The economy is not on auto pilot like it was under Trump. In order to get inflation in-check, interest rates were increased, this would cause less economic activity, fewer dollars chasing goods, and fewer jobs making it a employer market and salary inlfation slowing. It really slowed down the housing market. This is the trick the Feds are trying to manage, can they bring inflation down without causing a protracted recession. Some called this a "soft landing".
The analyst I talked to believes we will finally see a decrease in the Fed rate in Sept. They will continue to do this over time with the intention of lowering rates to hopefully cause more economic activity.
Analysts are see at the small cap stocks as more favorable, your large caps had more cash reserves and so interest rate increases did not impact them as much as it did for small cap stocks and even small businesses. Decreasing interest rates will allow smaller companies access to more capital and at cheaper rates.
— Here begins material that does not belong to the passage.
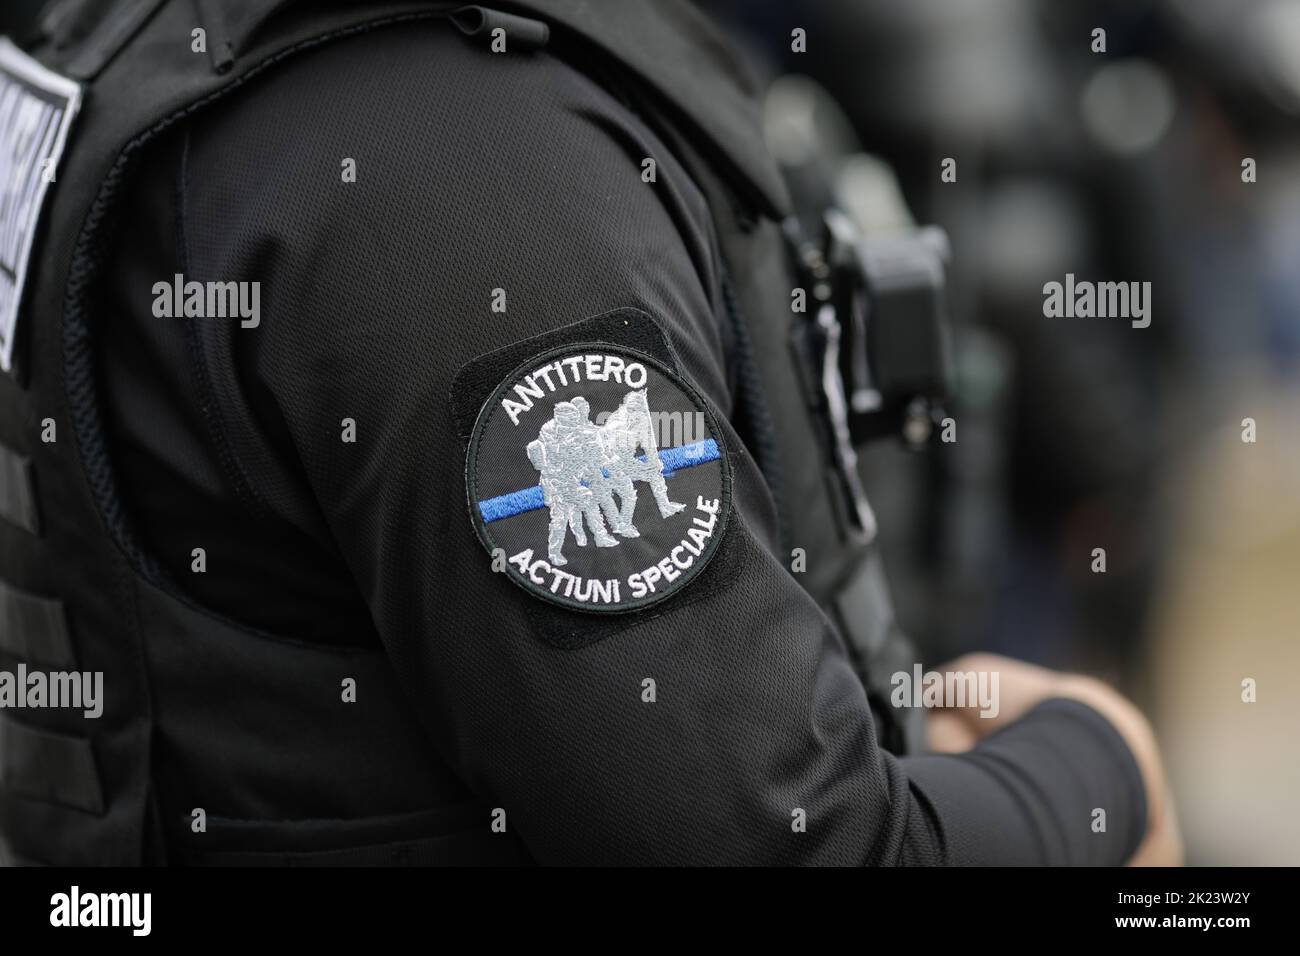 Sarulesti, Roumanie - 22 septembre 2022: Détails avec la brigade anti-terroriste du jandami roumain (police anti-émeute). Banque D'Images

As interest rates decrease, people will move away from bonds to stocks. I purchased a 9 month bond at 5.29% yesterday, that is a safe bet given we may see 2 interest rate decreases in that time frame, and can get a better return than CD's or treasury sweep account. After that, there will be an opportunity to purchase stocks if you are not invested in stocks or have some excess cash to invest at a good market / price point and see some good market gains as the economy recovers.